=== Section Start ===
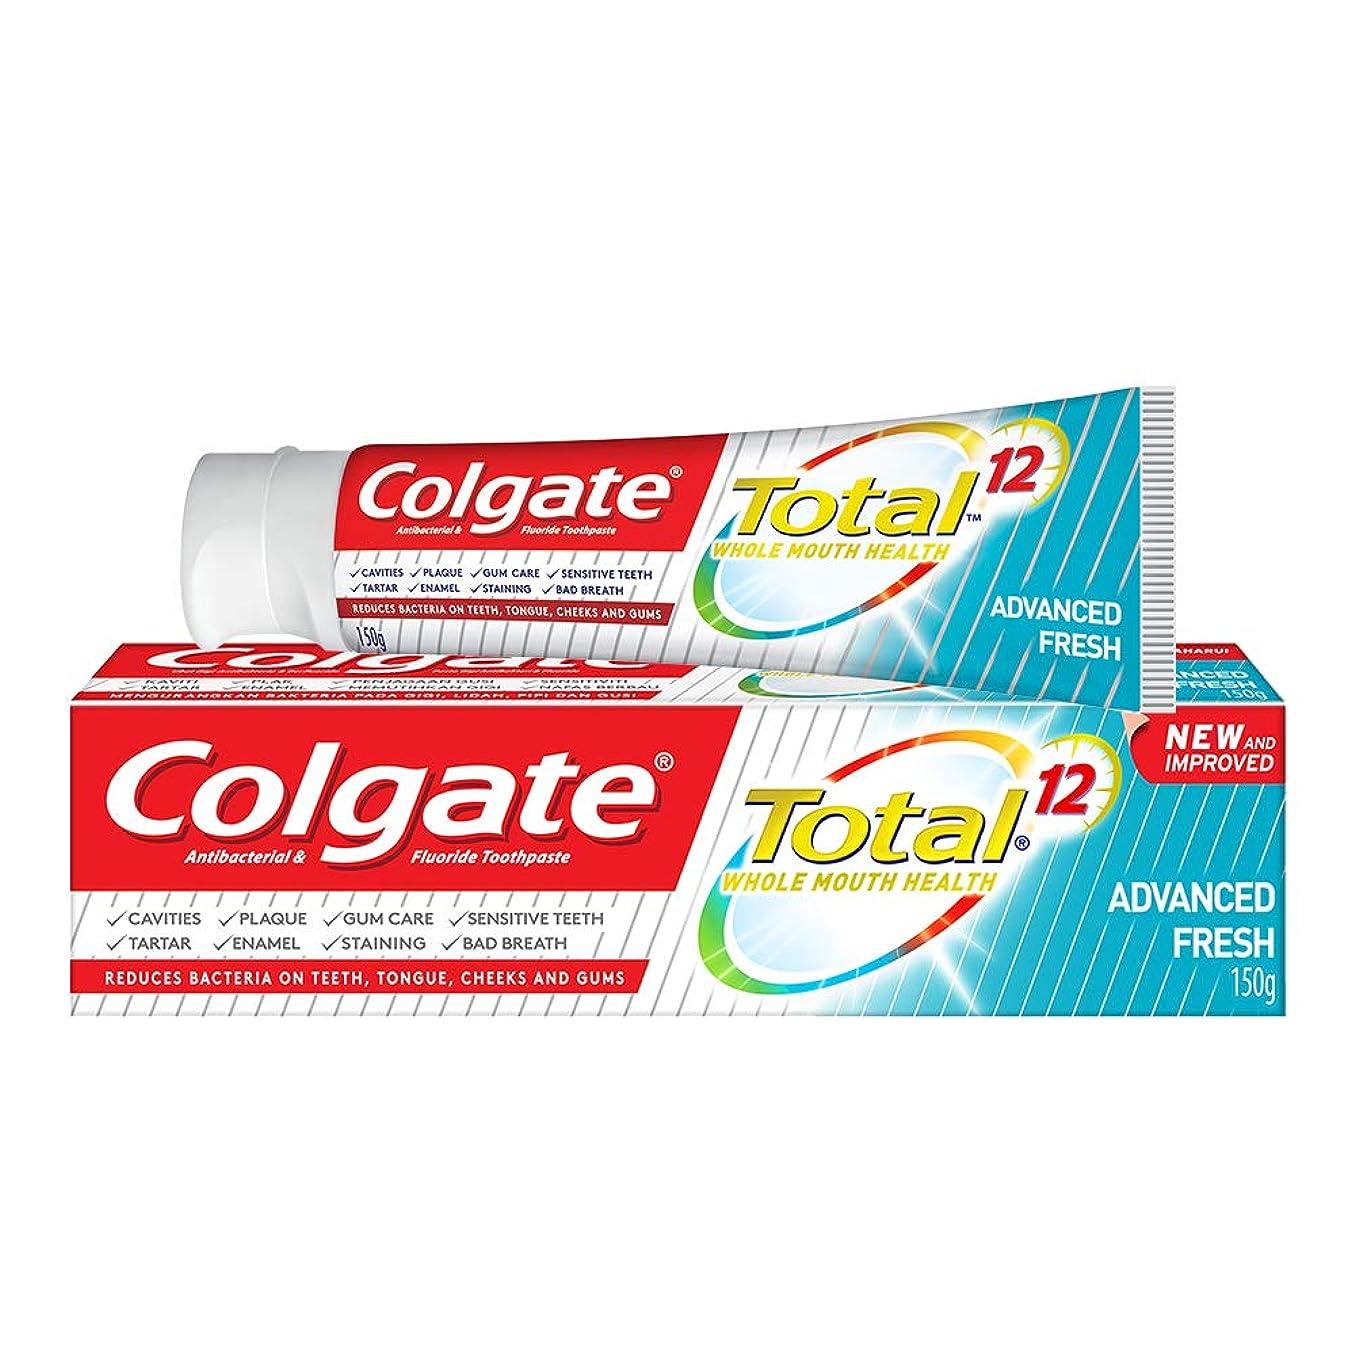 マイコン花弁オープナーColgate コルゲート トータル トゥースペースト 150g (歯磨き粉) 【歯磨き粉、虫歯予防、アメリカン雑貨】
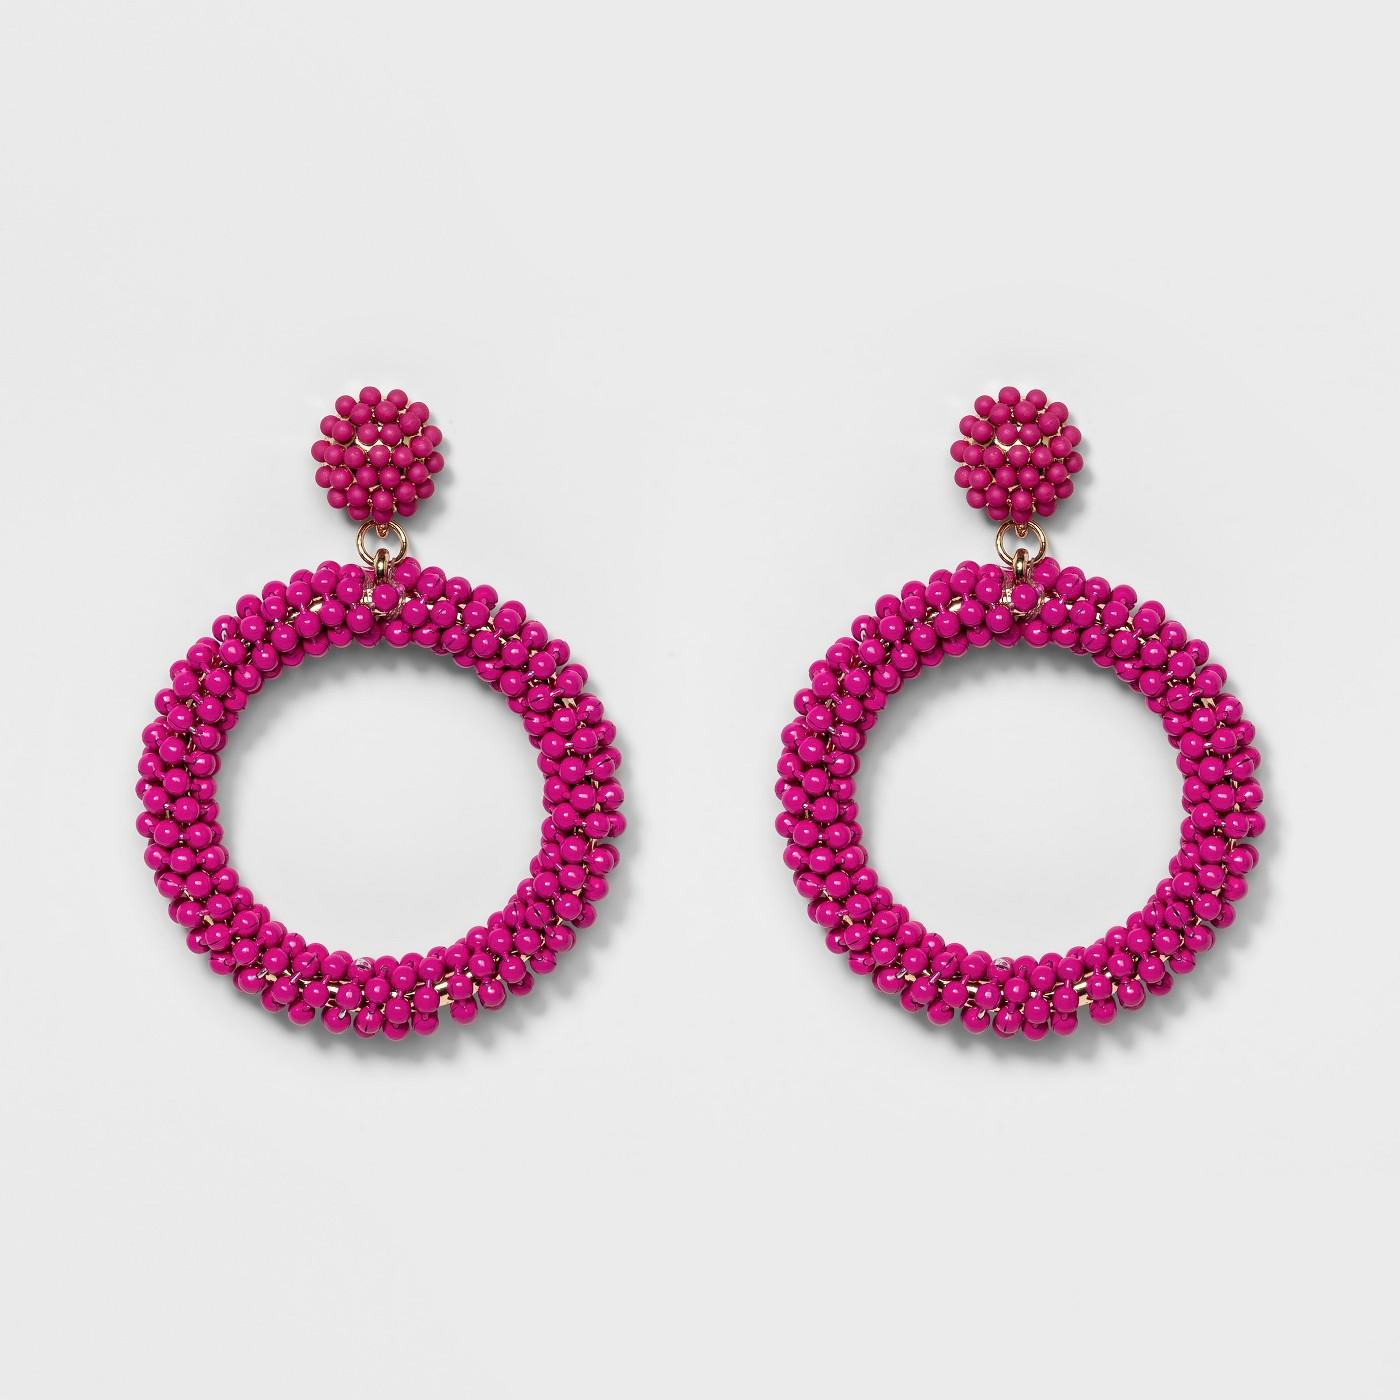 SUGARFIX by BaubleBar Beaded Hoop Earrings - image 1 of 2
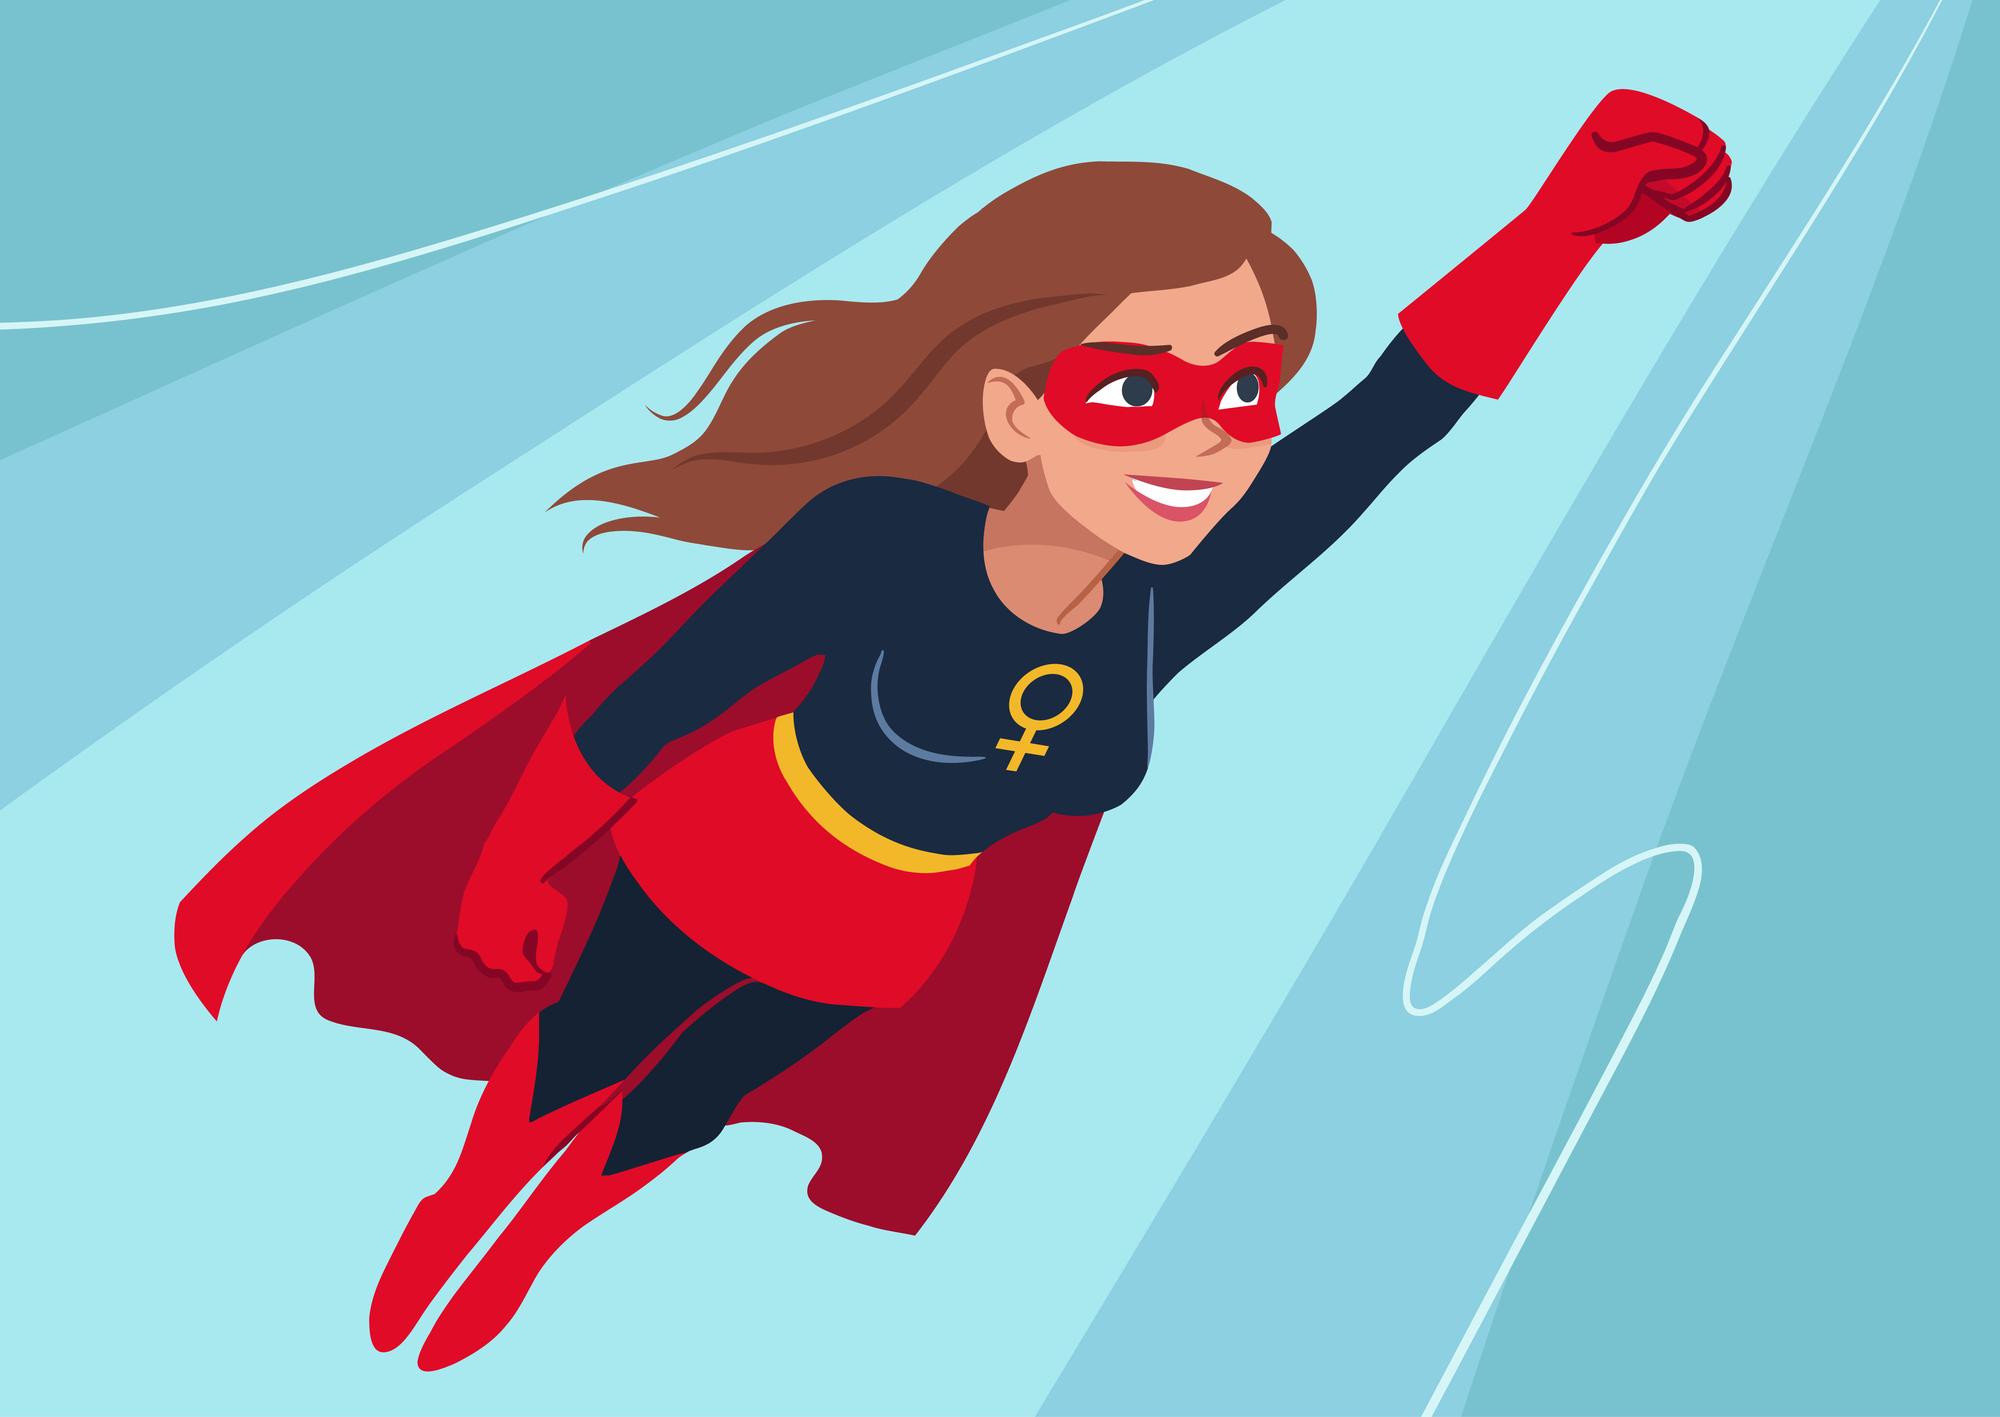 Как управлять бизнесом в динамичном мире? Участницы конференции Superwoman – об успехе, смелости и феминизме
=== Section End ===
Task to carry out: From the first line to the last, repeat the data above exactly and leave the pictures out.

Solution below:
 マイコン花弁オープナーColgate コルゲート トータル トゥースペースト 150g (歯磨き粉) 【歯磨き粉、虫歯予防、アメリカン雑貨】
 SUGARFIX by BaubleBar Beaded Hoop Earrings - image 1 of 2
 Как управлять бизнесом в динамичном мире? Участницы конференции Superwoman – об успехе, смелости и феминизме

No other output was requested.